23

I'm building this API, and the database will store values that represent one of the following:

  • percentage
  • average
  • rate

I honestly have no idea how to represent something that the range is between 0 and 100% in numbers. Should it be

  • 0.00 - 1.00
  • 0.00 - 100.00
  • any other alternative that I don't know

Is there a clear choice for that? A global way of representing on databases something that goes from 0 to 100% percent? Going further, what's the correct that type for it, float or decimal?

Thank you.

GMB
  • 216,147
  • 25
  • 84
  • 135
Amanda Ferrari
  • 1,168
  • 5
  • 17
  • 30
  • 3
    Does this answer your question? [Storing statistical data, do I need DECIMAL, FLOAT or DOUBLE?](https://stackoverflow.com/questions/19601975/storing-statistical-data-do-i-need-decimal-float-or-double) – Marty Jan 22 '20 at 00:14
  • 5
    Numbers may be stored in many ways. There is nothing inherently wrong with either storing a percentage using 0-100 or using 0-1. What matters is what you need to do with the numbers, what accuracy you need, and so on. You must explain more context before a good answer can be given. Do you need to store numbers that are exactly representable with a small number of decimal digits? If you average things, you get fractions like thirds or sevenths. Do you need to store those exactly? Or just approximately? How approximately? What will you do with them? – Eric Postpischil Jan 22 '20 at 00:36
  • 1
    If the values are 0.00 to 100.00 in steps of 0.01 that is 10001 different values. Simply use an `int` to represent _hundredths_ or in units of _Permyriad_ or ‱. – chux - Reinstate Monica Jan 22 '20 at 04:17
  • @chux-ReinstateMonica - Yes, "scaled integers" are possible, but clumsy. – Rick James Jan 31 '20 at 19:15
  • @RickJames Perhaps. I have not found scaled integers difficult. – chux - Reinstate Monica Jan 31 '20 at 21:34

7 Answers7

9

I'll take the opposite stance.

FLOAT is for approximate numbers, such as percentages, averages, etc. You should do formatting as you display the values, either in app code or using the FORMAT() function of MySQL.

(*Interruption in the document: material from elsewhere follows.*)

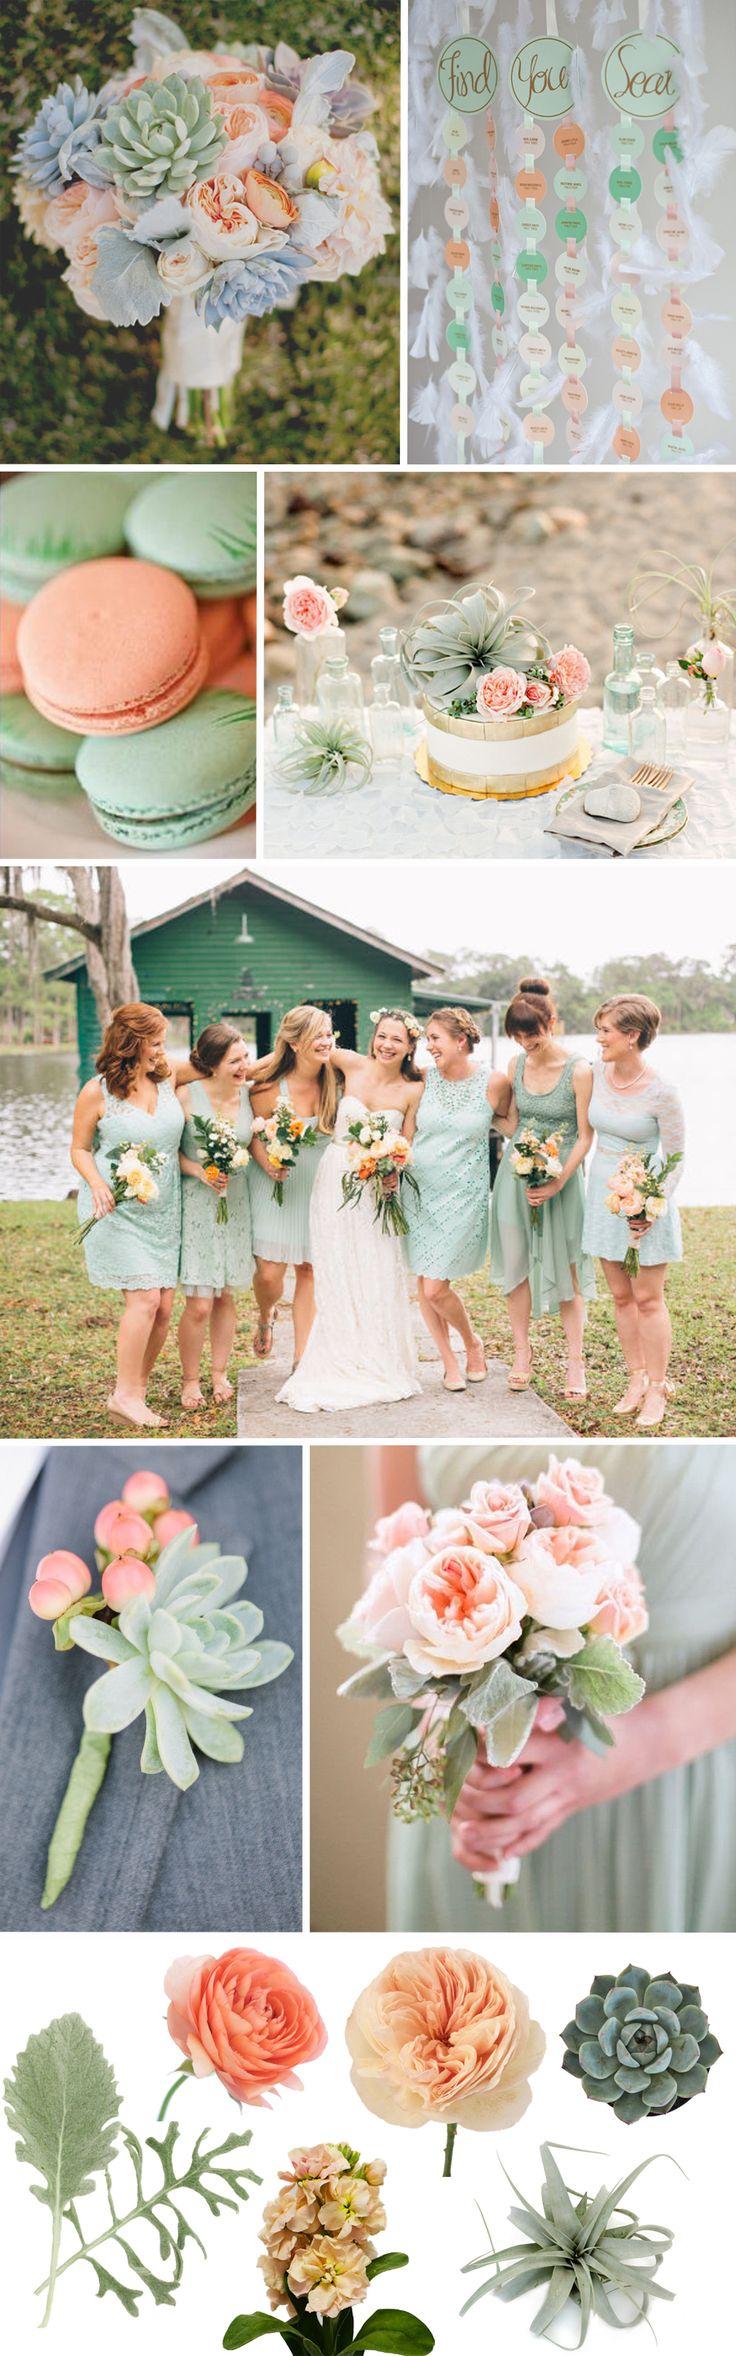 FiftyFlowers Peach & Sage Wedding Inspiration

Don't ever test float_value = 1.3; there are many reasons why that will fail.

DECIMAL should be used for monetary values. DECIMAL avoids a second rounding when a value needs to be rounded to dollars/cents/euros/etc. Accountants don't like fractions of cents.

MySQL's implementation of DECIMAL allows 65 significant digits; FLOAT gives about 7 and DOUBLE about 16. 7 is usually more than enough for sensors and scientific computations.

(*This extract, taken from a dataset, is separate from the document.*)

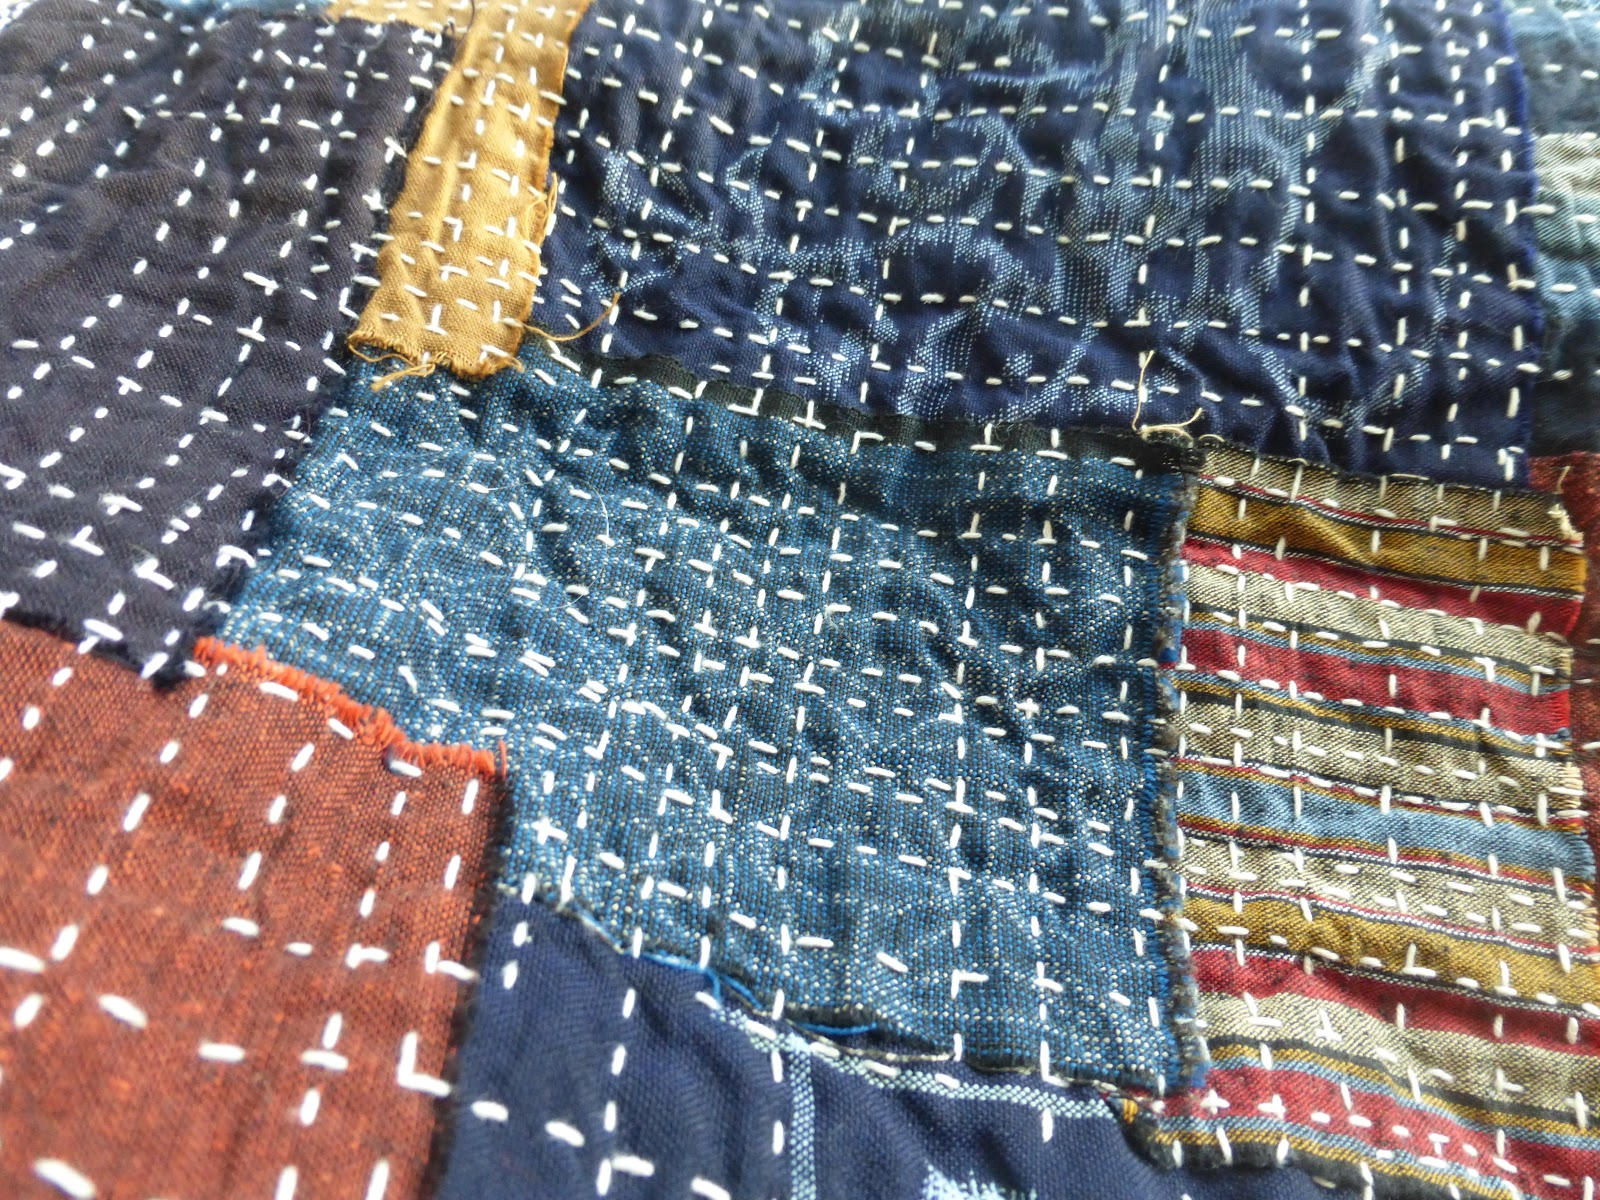 Sashiko And Other Stitching

As for "percentage" -- Sometimes I have used TINYINT UNSIGNED when I want to consume only 1 byte of storage and don't need much precision; sometimes I have used FLOAT (4 bytes). There is no datatype tuned specifically for percentage. (Note also, that DECIMAL(2,0) cannot hold the value 100, so technically you would need DECIMAL(3,0).)

Or sometimes I have used a FLOAT that held a value between 0 and 1. But then I would need to make sure to multiply by 100 before displaying the "percentage".

More

All three of "percentage, average, rate" smell like floats, so that would be my first choice.

One criterion for deciding on datatype... How many copies of the value will exist?

If you have a billion-row table with a column for a percentage, consider that TINYINT would take 1 byte (1GB total), but FLOAT would take 4 bytes (4GB total). OTOH, most applications do not have that many rows, so this may not be relevant.

As a 'general' rule, "exact" values should use some form of INT or DECIMAL. Inexact things (scientific calculations, square roots, division, etc) should use FLOAT (or DOUBLE).

Furthermore, the formatting of the output should usually be left to the application front end. That is, even though an "average" may compute to "14.6666666...", the display should show something like "14.7"; this is friendlier to humans. Meanwhile, you have the underlying value to later decide that "15" or "14.667" is preferable output formatting.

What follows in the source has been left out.